Andrew Sullivan of The Atlantic: “White racism means that Obama needs more than a small but clear lead to win.”
Jack Cafferty of CNN: “The polls remain close. Doesn’t make sense … unless it’s race.”
Jacob Weisberg of Newsweek and Slate: “The reason Obama isn’t ahead right now is … the color of his skin. … If Obama loses, our children will grow up thinking of equal opportunity as a myth.”
Nicholas D. Kristof of New York Times: “Religious prejudice (against Obama) is becoming a proxy for racial prejudice.”
Gerald W. McEntee, president of the American Federation of State, County and Municipal Employees, in a speech to union workers: “Are you going to give up your house and your job and your children’s futures because he’s black?”
Similar comments have been made by Kansas’s Gov. Kathleen Sebelius, a Democrat, and by writers in Time magazine. And according to The Associated Press: “A poll conducted by The Associated Press and Yahoo News, in conjunction with Stanford University, revealed that a fairly significant percentage of Democrats and independents may not vote for Sen. Barack Obama because of his race.” If you read the poll, it does not in fact suggest this conclusion. The pollsters assert that any person with any negative view of black life means that the person is racist and means that he would not vote for Obama. Both conclusions are unwarranted. But “Obama will lose because of racism” is how the poll takers and the media spin it.
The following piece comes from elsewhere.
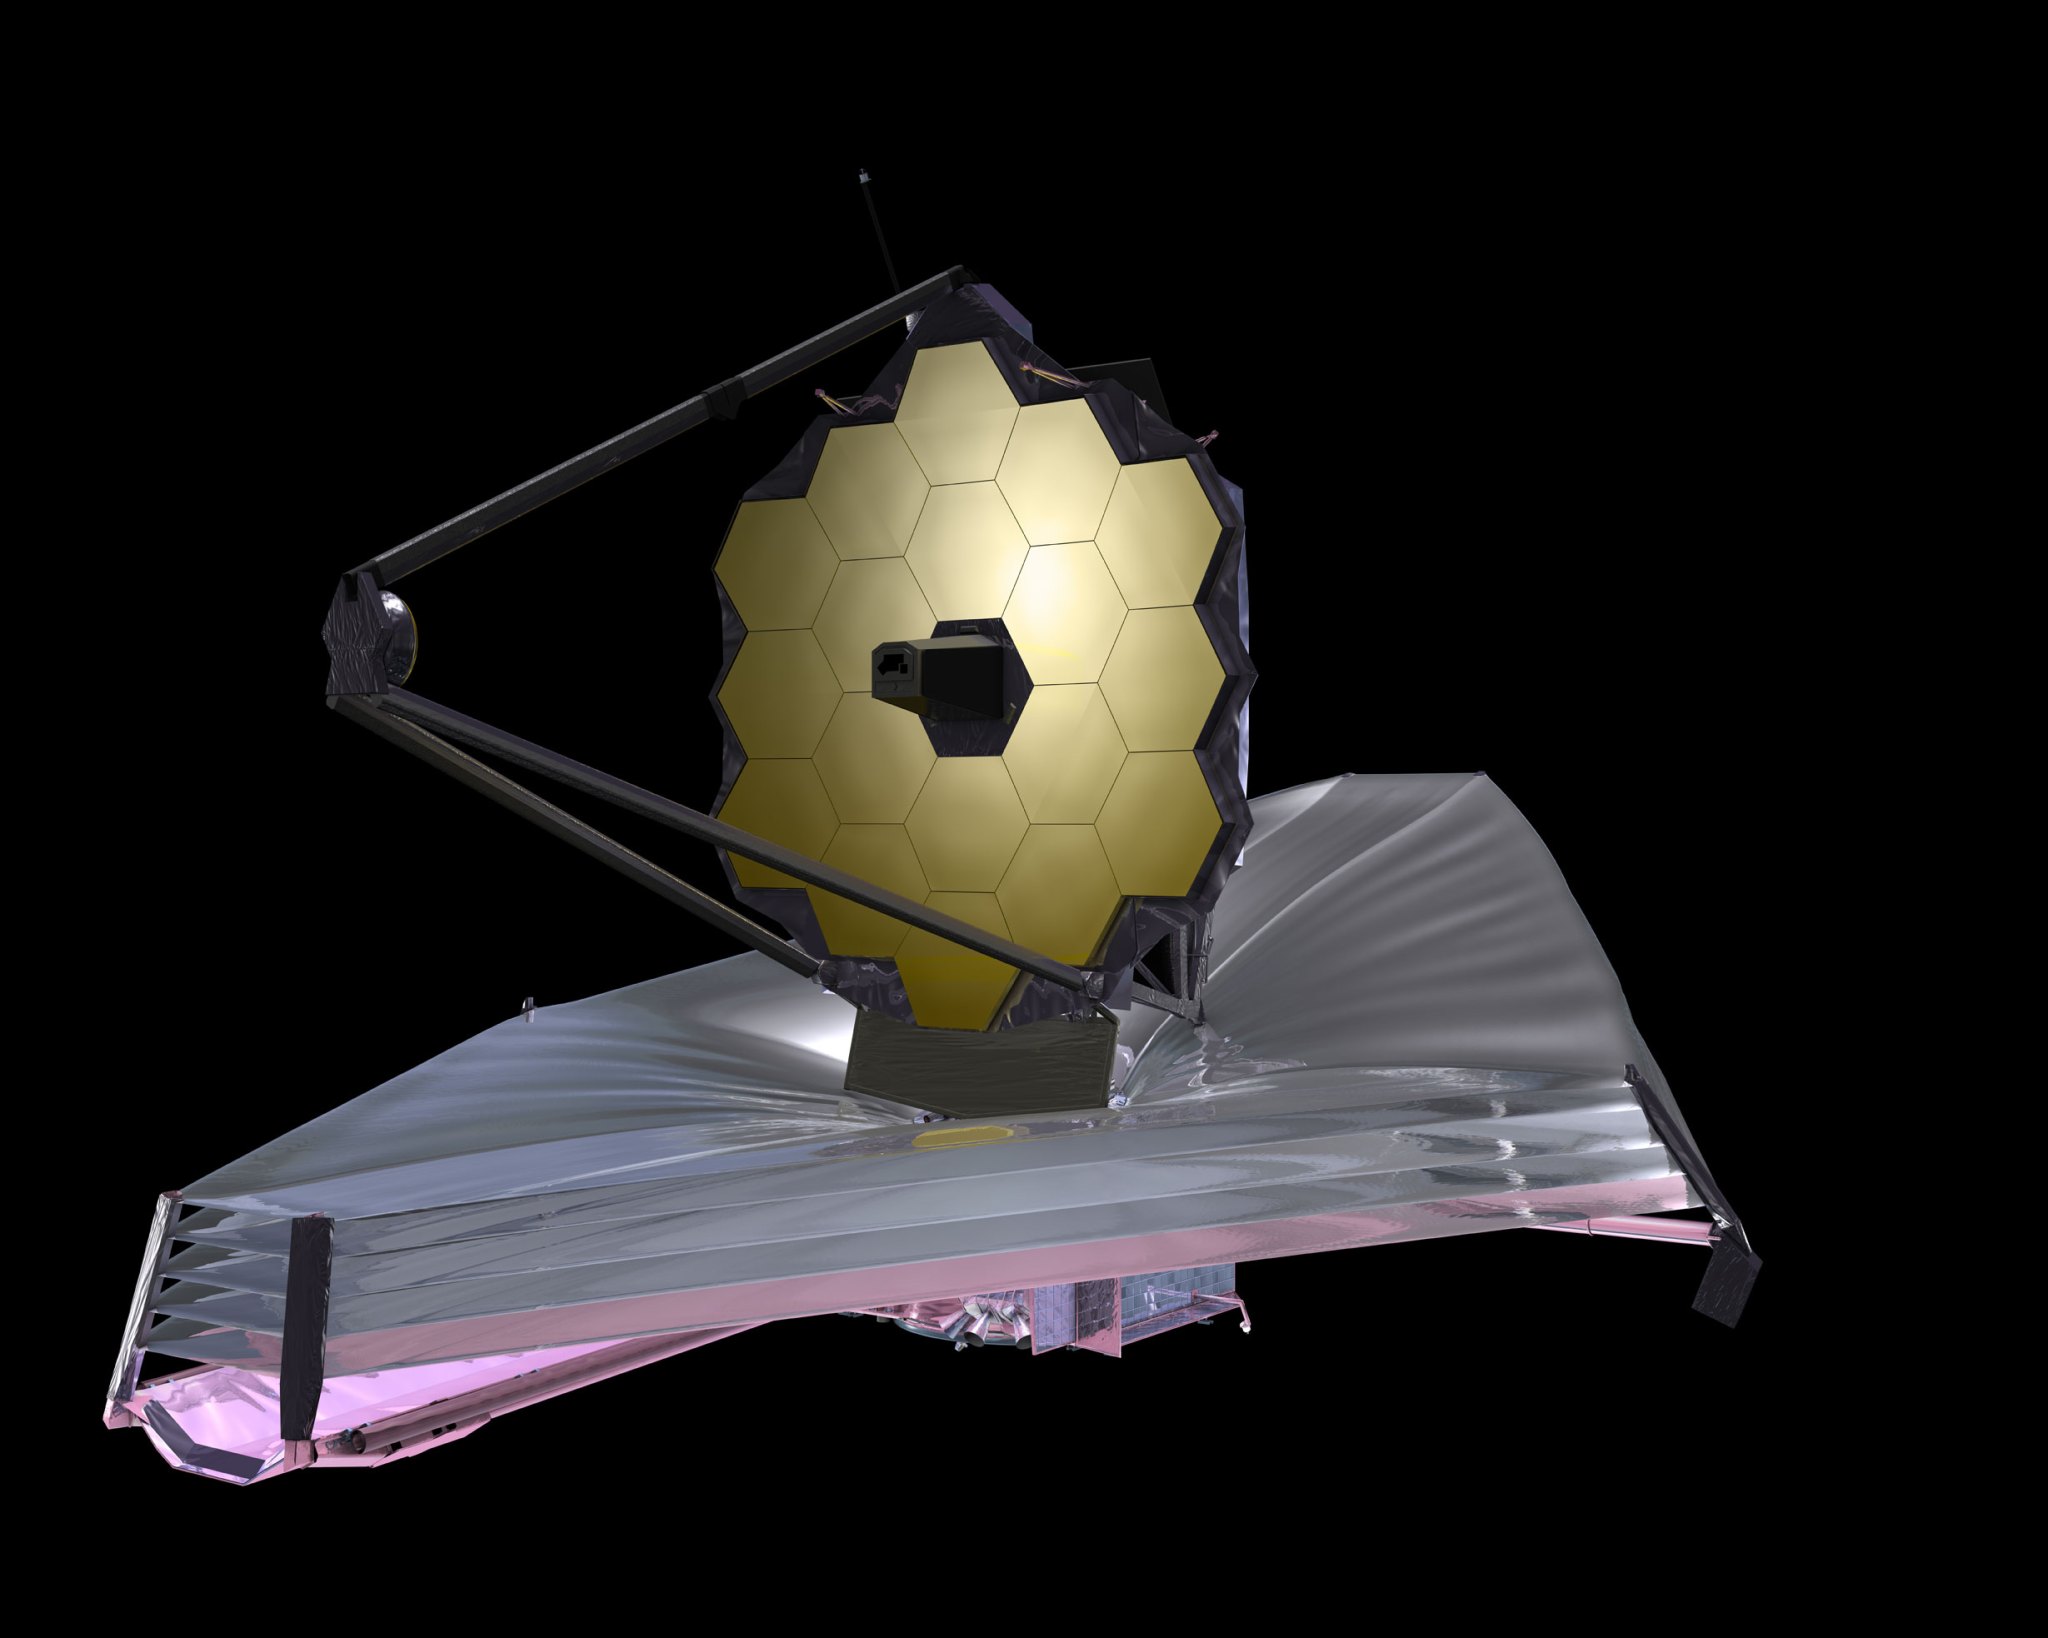 Artist concept of the he James Webb Space Telescope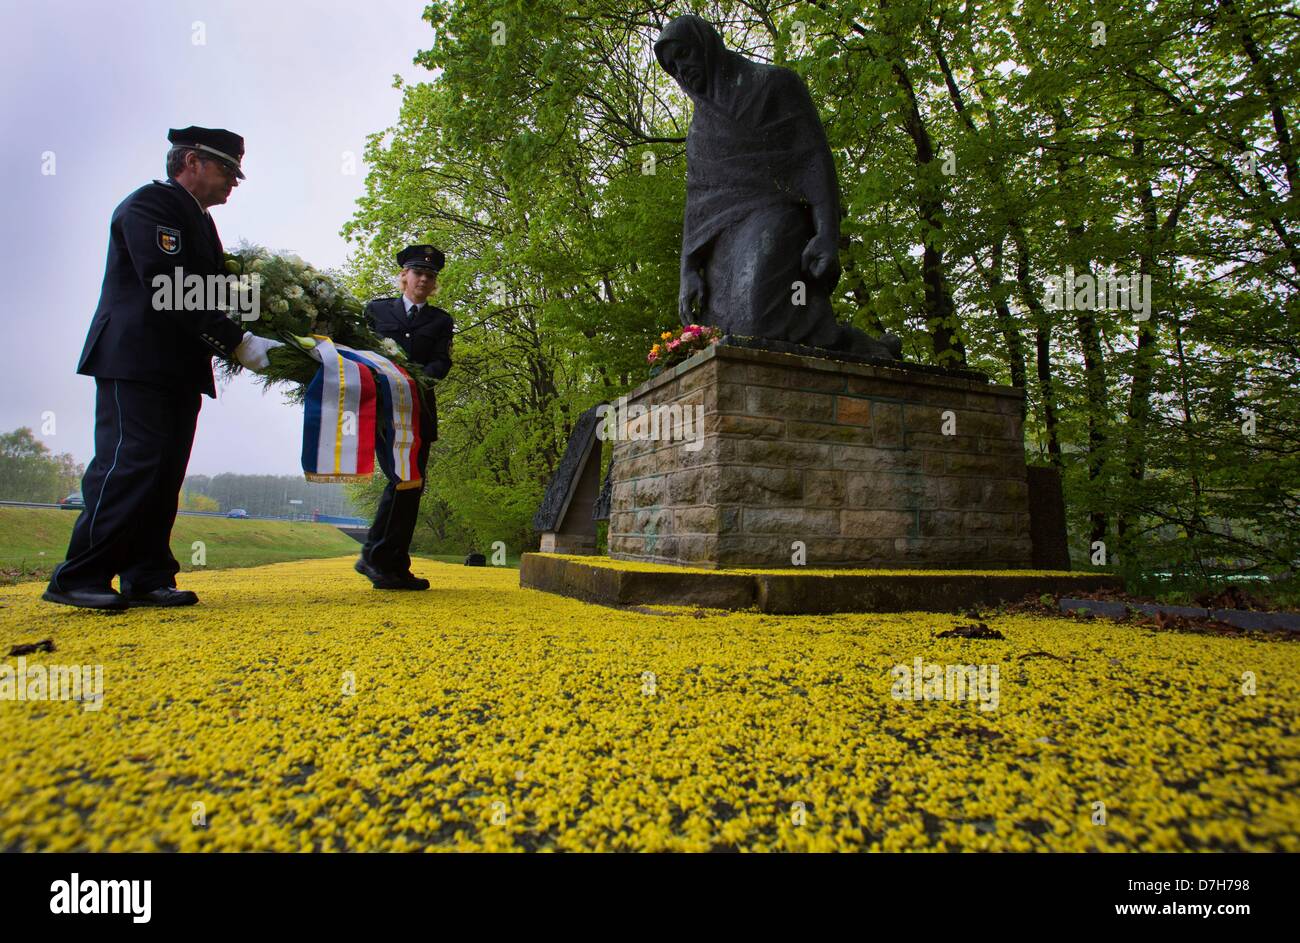 Police officers lay down a wreath at the memorial 'The Mother' to commemorate the end of World War II on 08 May 1945, in Raben-Steinfeld, Germany, 08 May 2013. Mecklenburg-Western Pomerania is the only German state which commits this day as official Remembrance Day. Photo: JENS BUETTNER Stock Photo

Clearly, these pundits haven’t bothered to think through the situation and to research any potential problems people may have with Obama as a candidate. The author goes on to ask why an Obama loss might be attributed only to white racism.
One reason is the liberal elite’s contempt for white Americans with less education — even if they are Democrats.
A second reason is that it is inconceivable to most liberals that an Obama loss — especially a narrow one — will be due to Obama’s liberal views or inexperience or to admiration for John McCain.
The author also says the left-wing echo chamber doesn’t allow for lefties to see or hear that other people have different opinions and they are always surprised to find Republicans and Independents in the mix.
If Obama loses, it will not be deemed plausible that Americans have again rejected a liberal candidate, indeed the one with the most liberal voting record in the U.S. Senate. Liberals will explain an Obama defeat as another nefarious Republican victory. Combining contempt for many rural and middle-class white Americans with a longstanding belief in the inevitability of a Democratic victory in 2008 (after all, everyone they talk to despises the Republicans and believes Republicans have led the country to ruin), there will be only one reason Obama did not win — white racism.
Yep, that’s what we’re seeing, all right.
Here’s the problem. It is impossible to prove a negative. How do you go about proving your vote for McCain or a third party candidate is NOT just a racist one? Actually, you can’t. So, the pundits are safe here – they can never be disproven. The only thing we can do is continue to pound the issues, the facts and treat this candidate like any other. That does NOT preclude the “rough and tumble” of campaign jabs, despite the efforts of Obama campaign officials trying to make any criticism a racist slur.
However, it is important to keep an eye on this and speak out. I don’t want Obama to be defeated because he is an Arab/African/Caucasian. I want him defeated because I don’t think he’s right for this job. Will I move away if Obama’s elected? Heavens, no. I’ll put up with it, just as I’ve put up with Bush’s 8 years. Sigh.